9. Is this the right man for me?

There are people who get into relationships without thinking too much or planning in any way. But there are times when this analysis is necessary, whether for the pretense of having children or living together, for example. Moments of need can also influence us to take on relationships that are not quite what we wanted. A passive posture at this point can end up depressing you and keep you closed to new options.

"Rare are women who do not have the dream of marriage with veil and wreath, and still dream of that man who really will be the great passion of your life!" As much as times change and modernity makes a home, women still carry that lingering doubt ?, comments relationship psychologist Pamela Magalhães.

10. Do I give enough attention to my friends and relatives?

Because they are always there by our side, family members and close relatives may end up being left a little cornered. This is what can happen when we are sure they will always be there, which gives us the confidence that we will never lose them.

11. Is it time to build a family?

We are still far from freeing the woman from the family. Whether we like it or not, tradition tells us to dream of a wedding, children and a white picket house. There are those who really crave it, which is not wrong. The problem is when we are under pressure in this direction without being sure if that is what we want for our life.

This is also a very common question for those in their thirties, as it is a very representative time of passage from youth to adulthood.

12. Am I open to life?

Are you open to the infinite possibilities that life offers you? From opening your heart to love, meeting new people, accepting invitations to events, travel, challenging work. Proven fact is that the more we say? Yes? to life, the more it returns us with wonderful emotions.

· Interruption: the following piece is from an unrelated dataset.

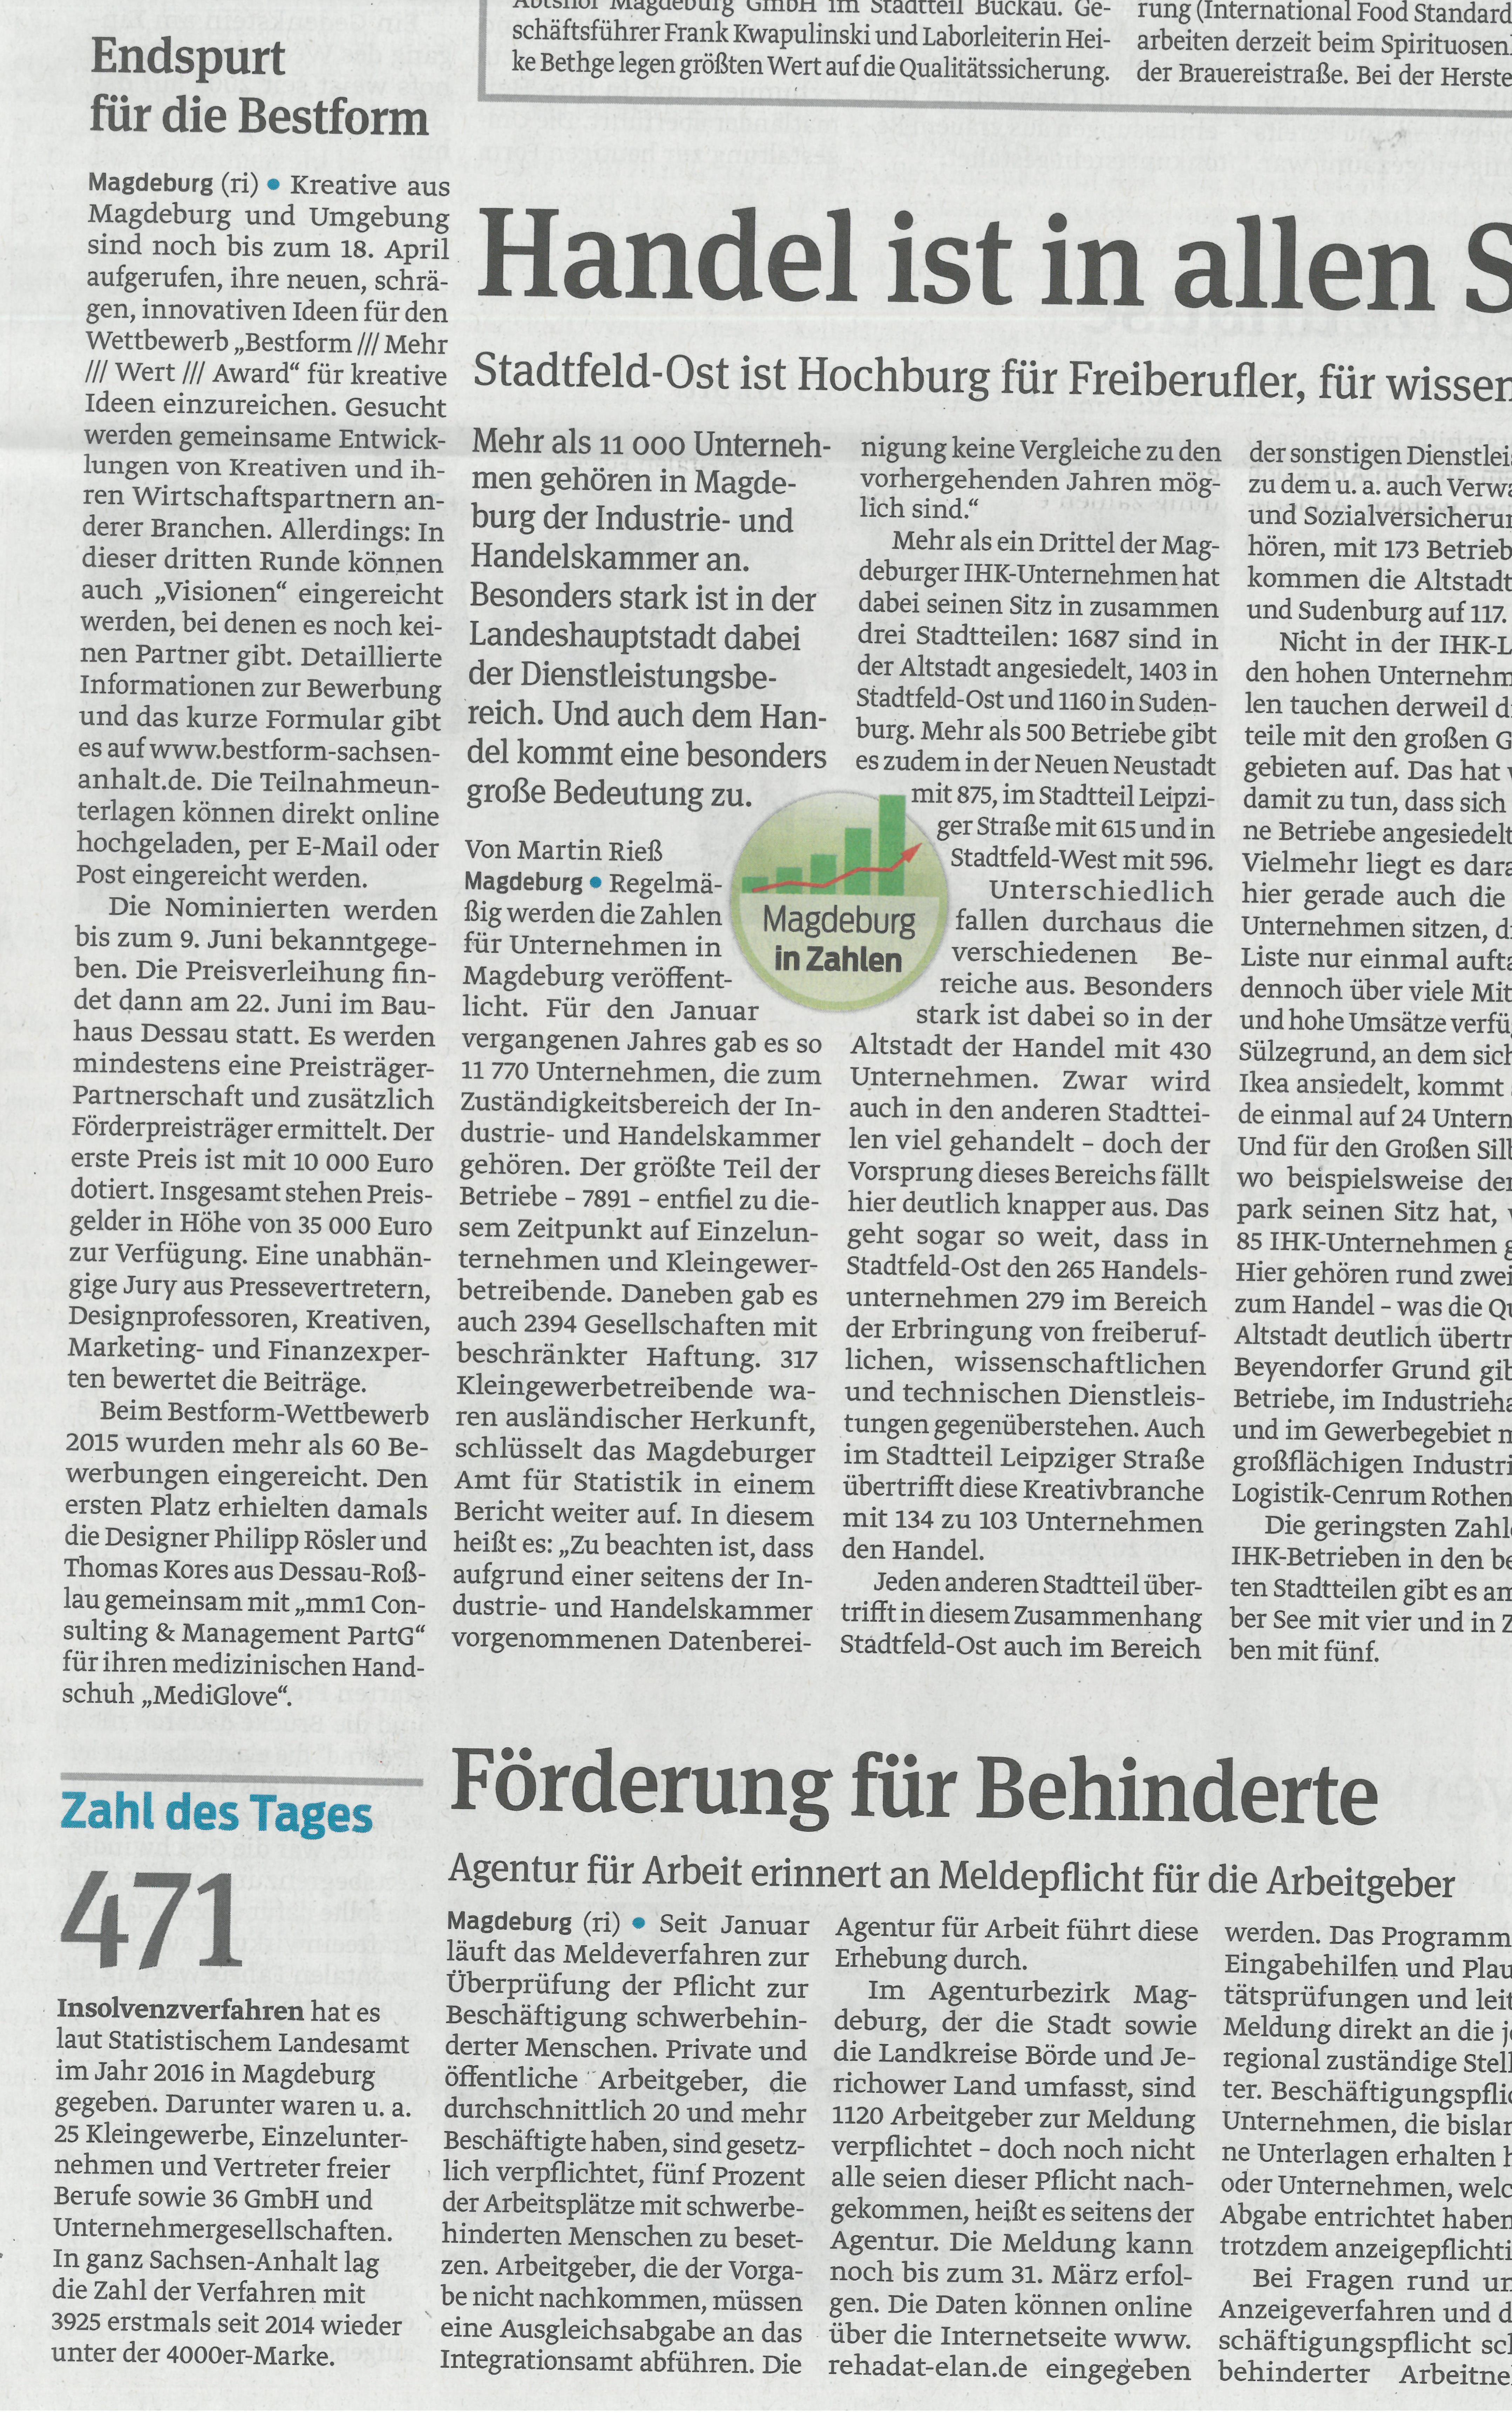 Kreativwirtschaft sachsen anhalt pressespiegel for Spiegel redaktion

If you're one of those who never accepts invitations, whether in the name of comfort, laziness or stress, consider whether you're not letting life go by the window, letting it all go later. Enjoy the short time we have on this planet and enjoy everything you can know. Allowing yourself to live the nuances and adventures of life will surely make you happier and more optimistic.

Thinking about yourself is the best way to be an ever better and happier person. Try answering the questions above and you will probably have a nice surprise about yourself and where your life is heading.